◆ Goal of the exercise
In the records below, find the line containing "Prévisualisation du document" and the line containing "des ex-communistes sur la...". Give again exactly those lines and every line between them, omitting the pictures.

◆ Data to use
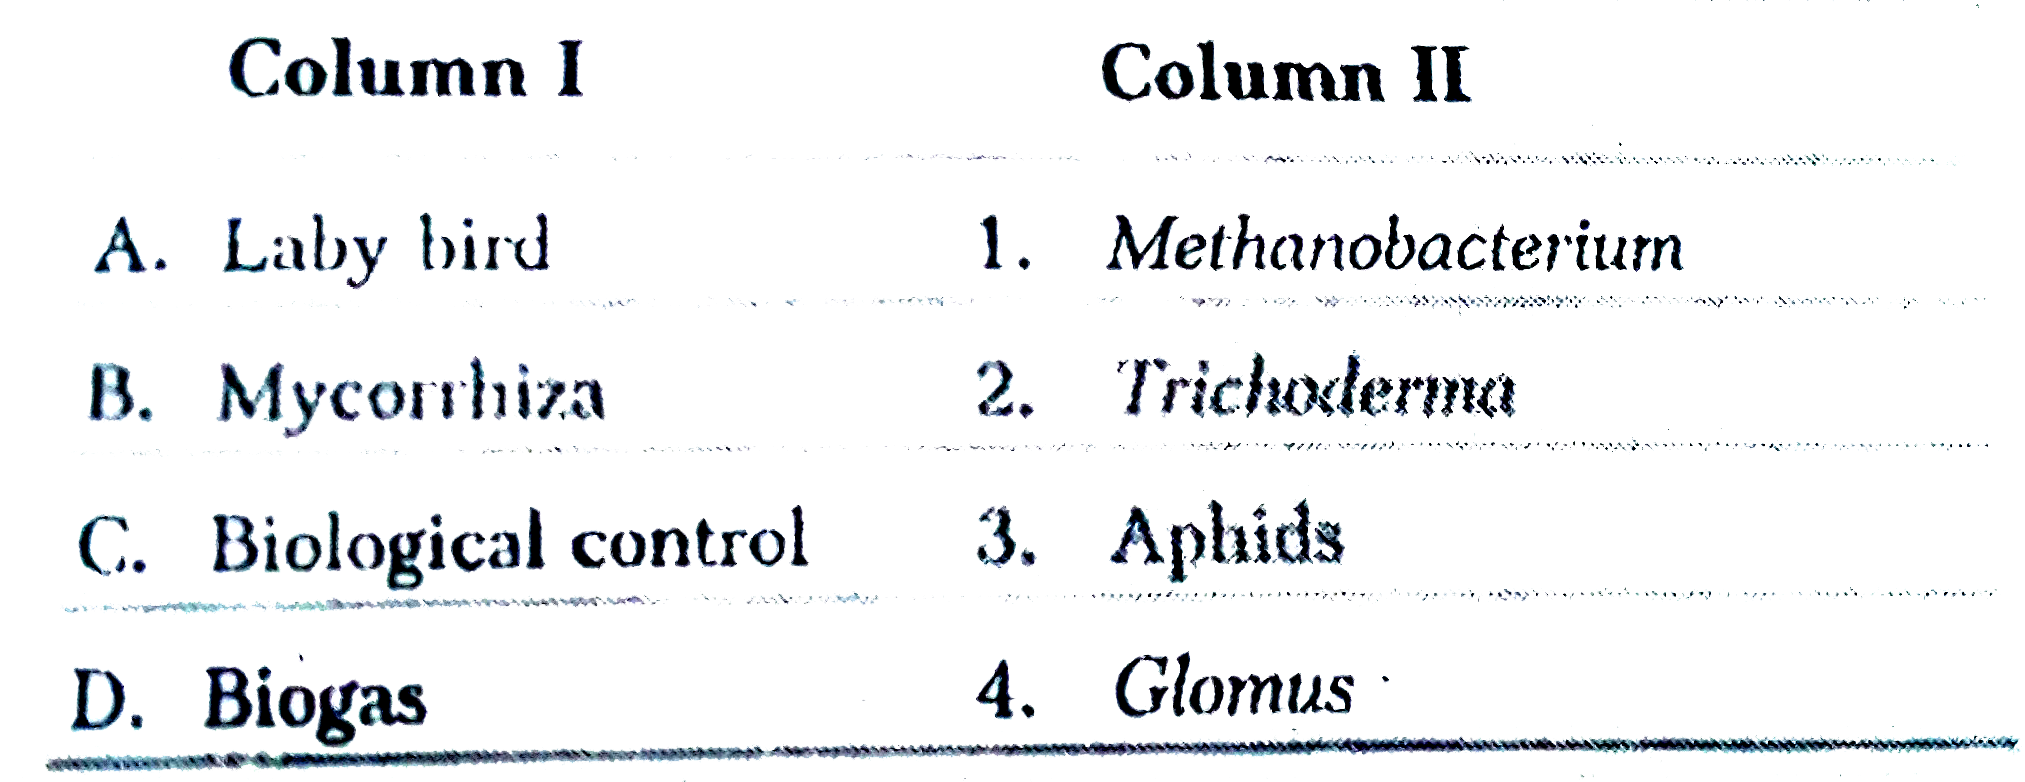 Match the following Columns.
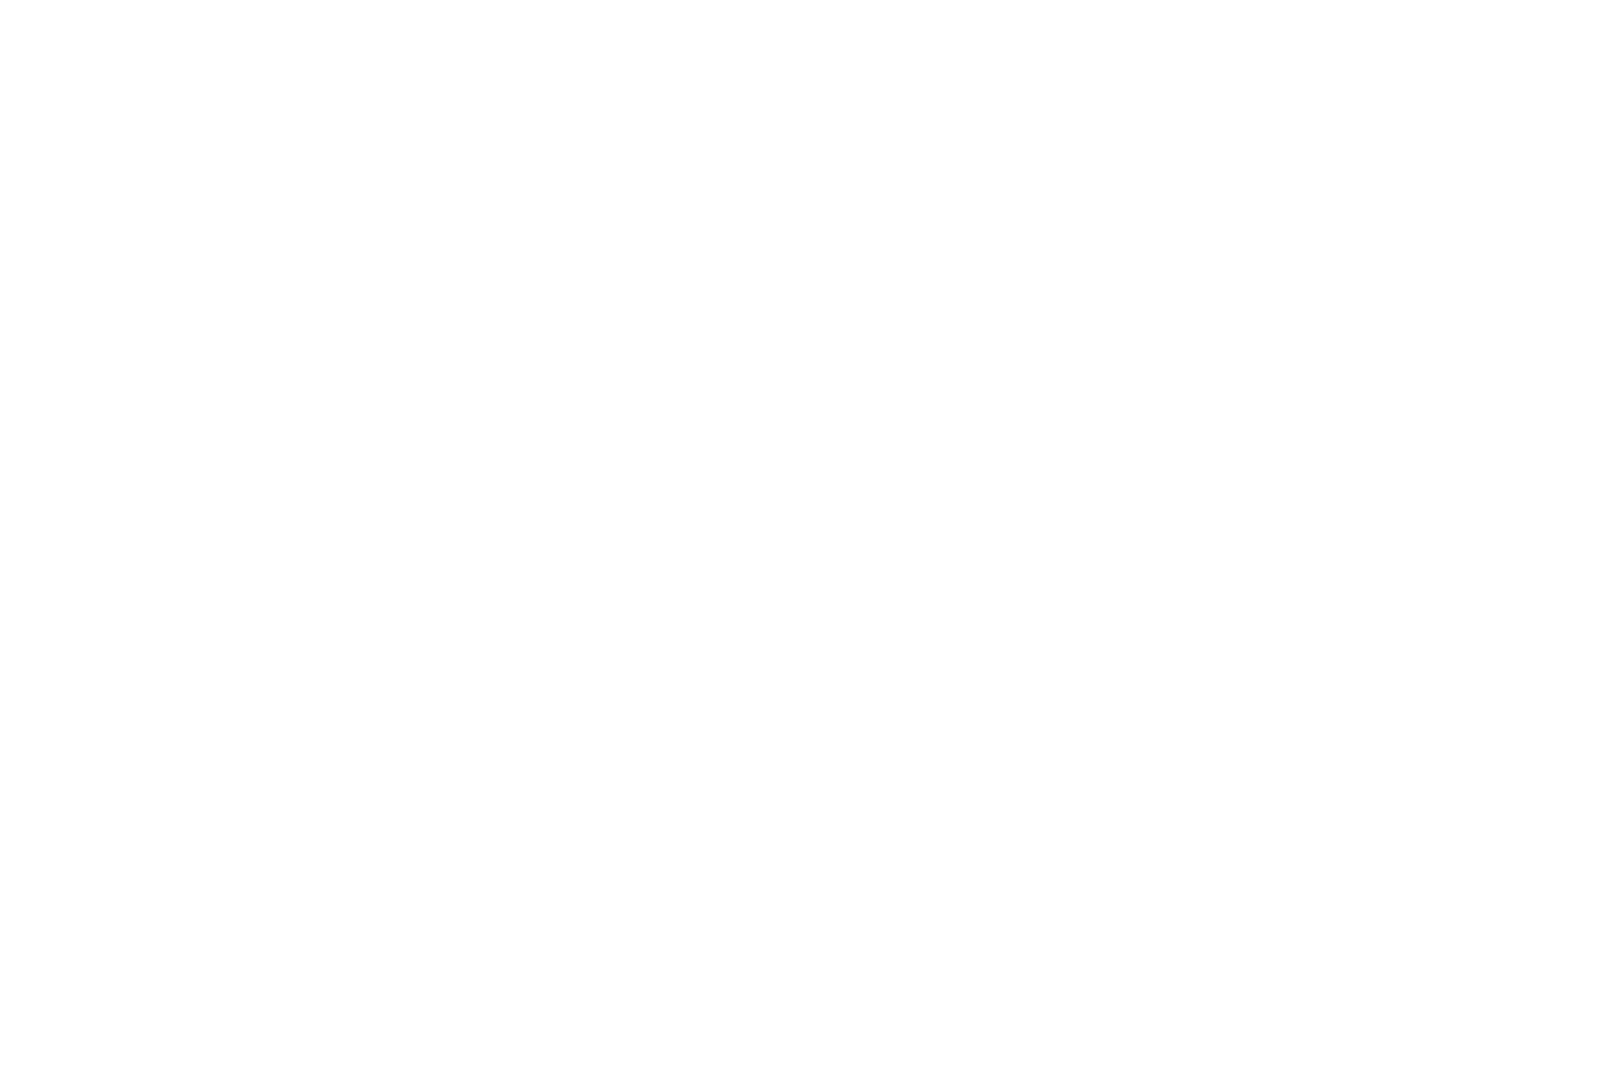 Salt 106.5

* * *

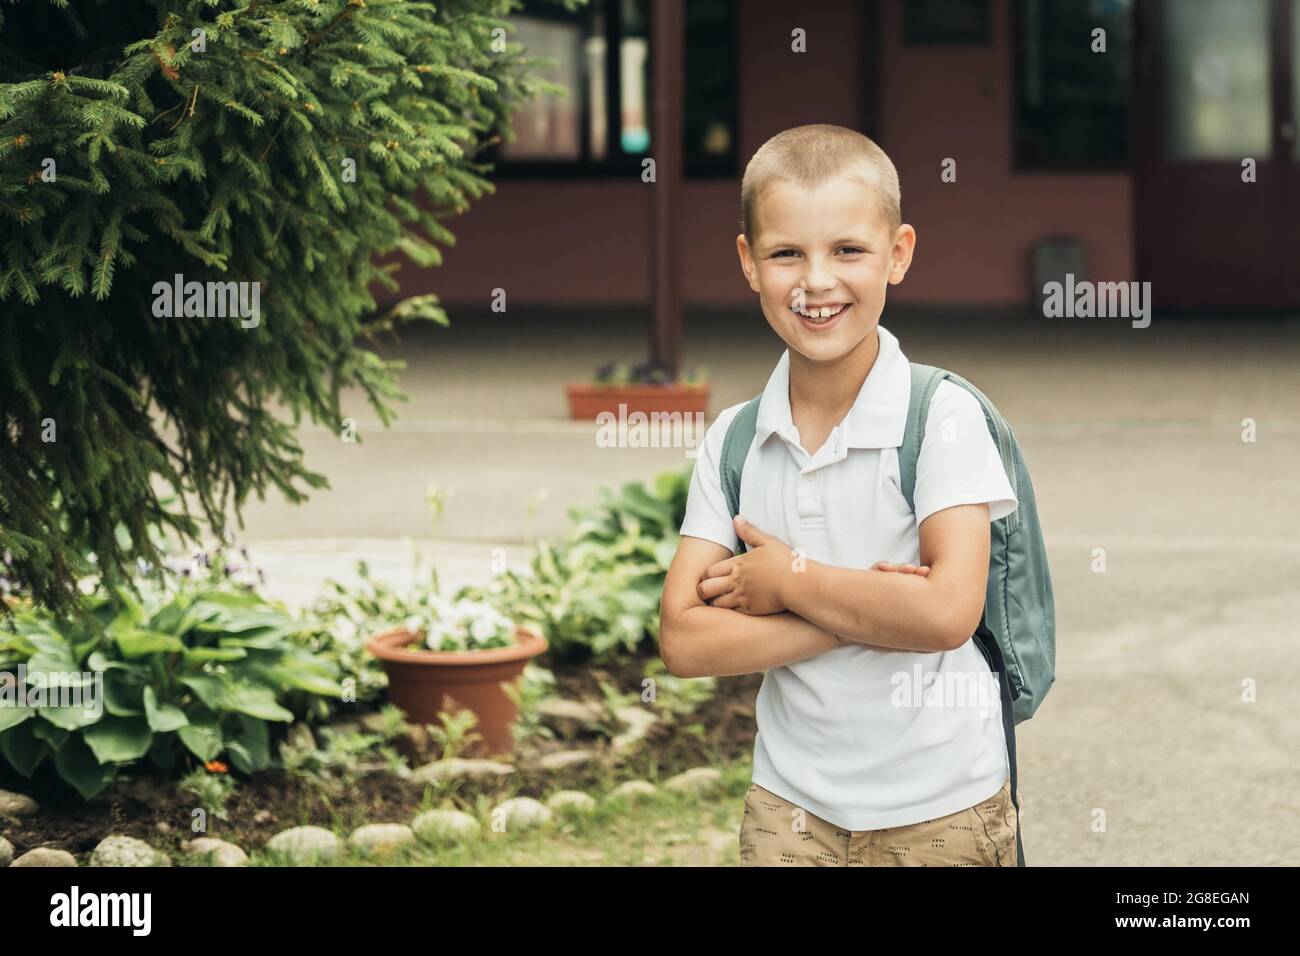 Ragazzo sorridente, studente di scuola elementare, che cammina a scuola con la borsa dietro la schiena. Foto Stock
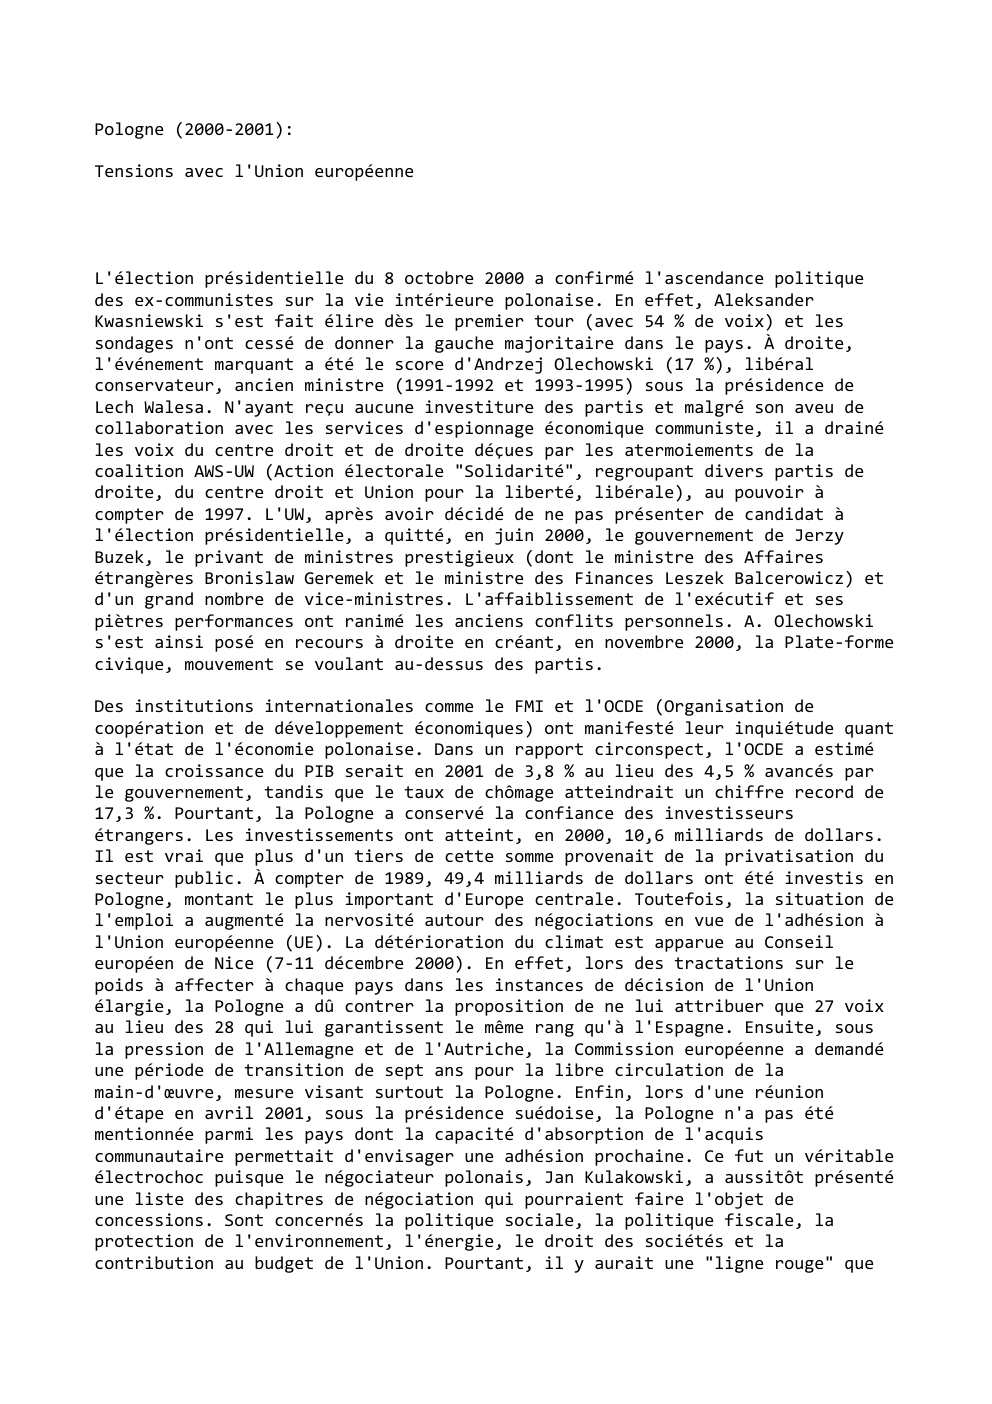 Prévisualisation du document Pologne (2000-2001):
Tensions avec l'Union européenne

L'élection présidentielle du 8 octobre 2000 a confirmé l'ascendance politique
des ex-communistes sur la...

◆ Exercise result
 Prévisualisation du document Pologne (2000-2001):
Tensions avec l'Union européenne

L'élection présidentielle du 8 octobre 2000 a confirmé l'ascendance politique
des ex-communistes sur la...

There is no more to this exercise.